Israel’s recovered virus patients now at double the number of active cases

Health Ministry figures point to a country rapidly recovering from the COVID-19 pandemic, even as experts warn of a possible second wave

Illustrative: A recovered coronavirus patient (center) donating plasma for Israel's experimental antibodies treatment, and (right) Eilat Shinar. (Magen David Adom)
Illustrative: A recovered coronavirus patient (center) donating plasma for Israel's experimental antibodies treatment, and (right) Eilat Shinar. (Magen David Adom)

Israel’s national convalescence continued on Thursday, with the release of Health Ministry data showing that twice as many people have recovered from coronavirus as are currently infected with the virus.

No one died between Wednesday night and Thursday morning, leaving the national death toll at 239.

According to the latest ministry statistics, 10,737 people have recovered while the number of active cases now stands at 5,370.

Currently, 83 patients are in serious condition, with 69 of those on ventilators, while 61 are in moderate condition.

In recent days, Israel’s infection rate has dropped off significantly, with the number of new cases over 24-hour periods consistently measuring in the dozens.

Wednesday saw the lowest number of new infections yet, with only 21 cases reported.

Over the weekend Channel 12 reported that 80 percent of Israeli towns and villages had reported no new COVID-19 cases for several days.

People in the Mahane Yehuda market in Jerusalem after it reopened according to the new government orders, May 7, 2020. (Olivier Fitoussi/Flash90)

Hospitals in Jerusalem and Ashdod have begun closing coronavirus wards as the number of patients has declined.

Health Ministry statistics have indicated that Jerusalem, the city that has seen the most coronavirus cases, was joining other cities in managing to bring its infection rate down.

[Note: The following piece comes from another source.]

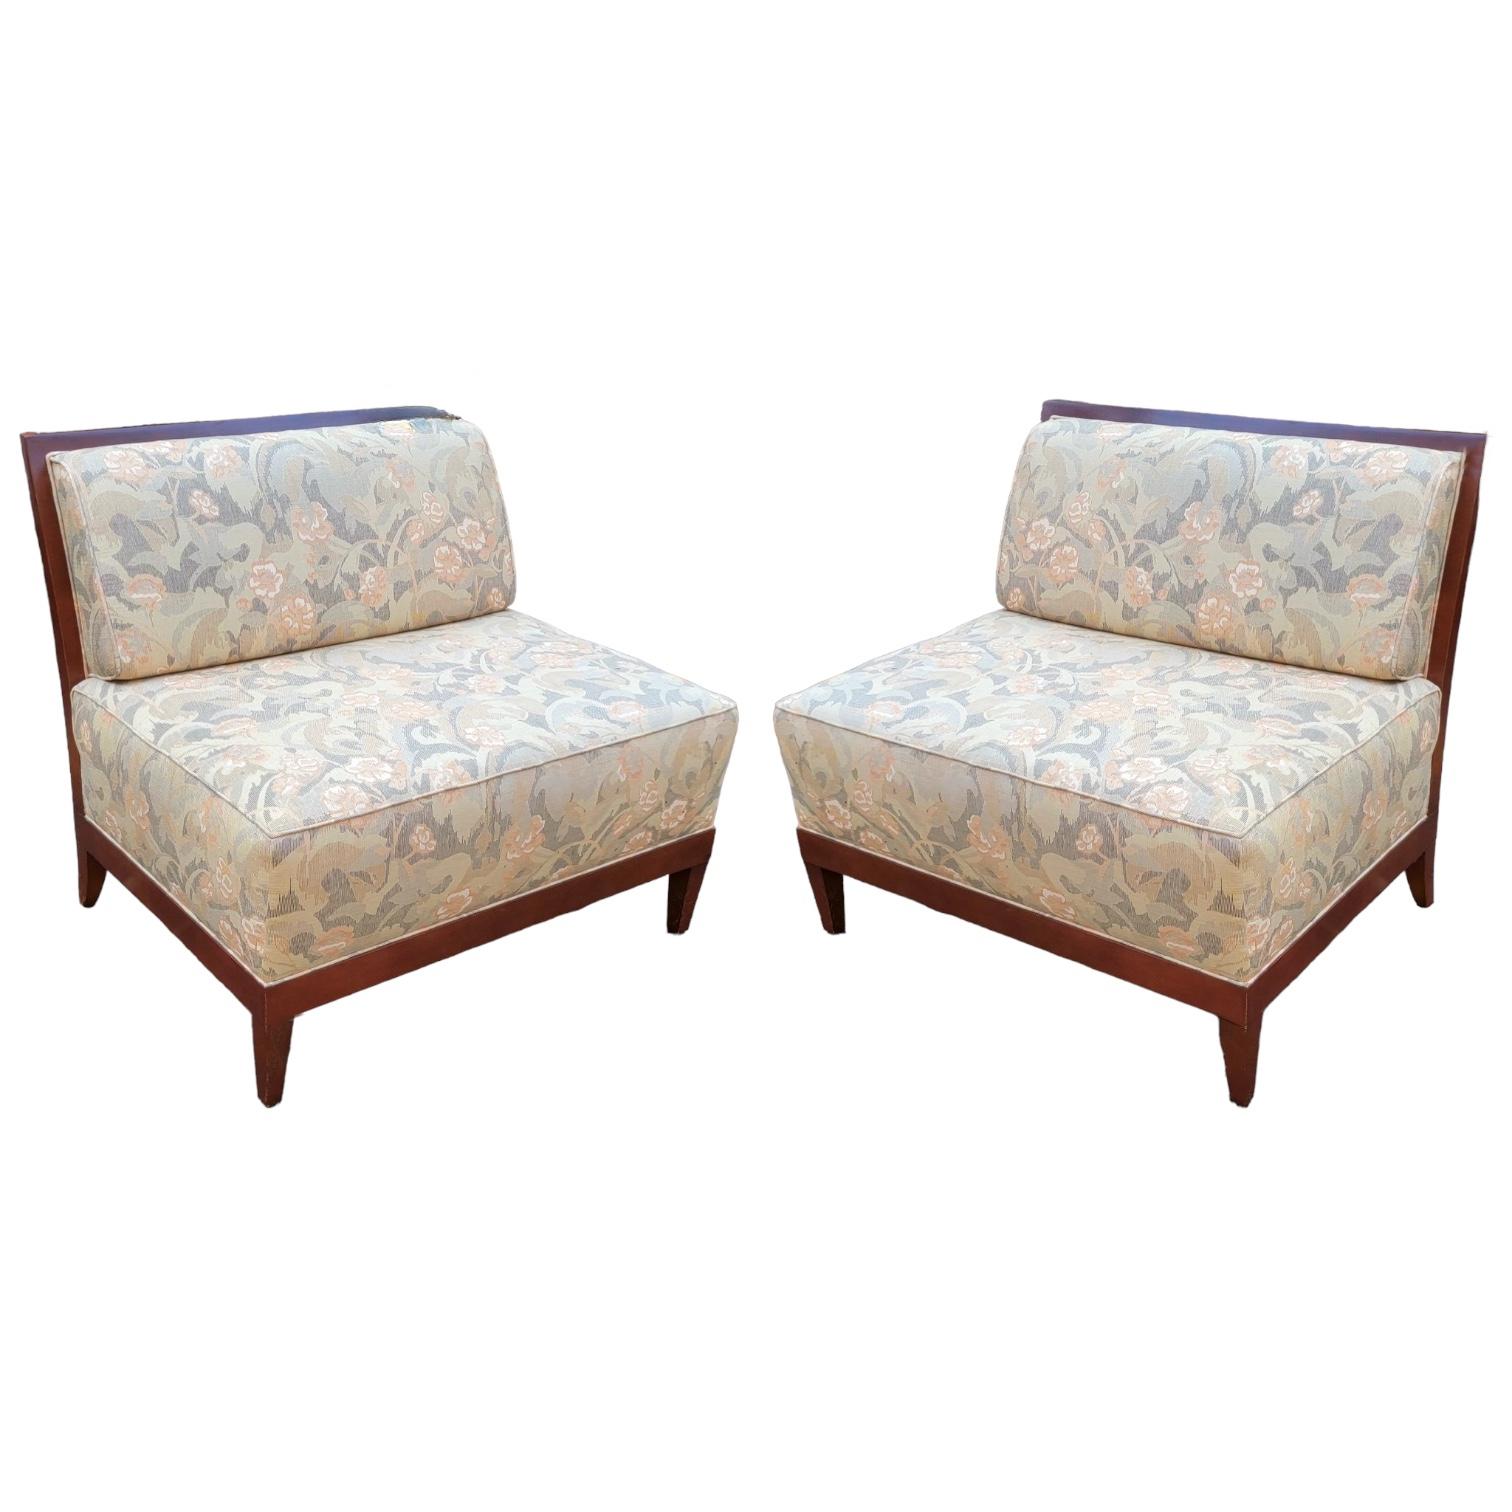 This is a pair of Art Deco style settees by Baker Furniture. The backs are an inlaid mahogany. The upholstery is vintage but in very good condition. They are marked.

Despite the positive trend, the city has decided not to restart education in the ultra-Orthodox schools yet, Channel 12 news reported. Most of the hardest hit neighborhoods were Haredi areas.

Some 80% of elementary schools reopened for grades 1-3 and 11-12 on Sunday for the first time in seven weeks, even as many parents expressed concerns over safety. About 60% of the eligible schoolchildren, reportedly some 180,000, went to school Sunday.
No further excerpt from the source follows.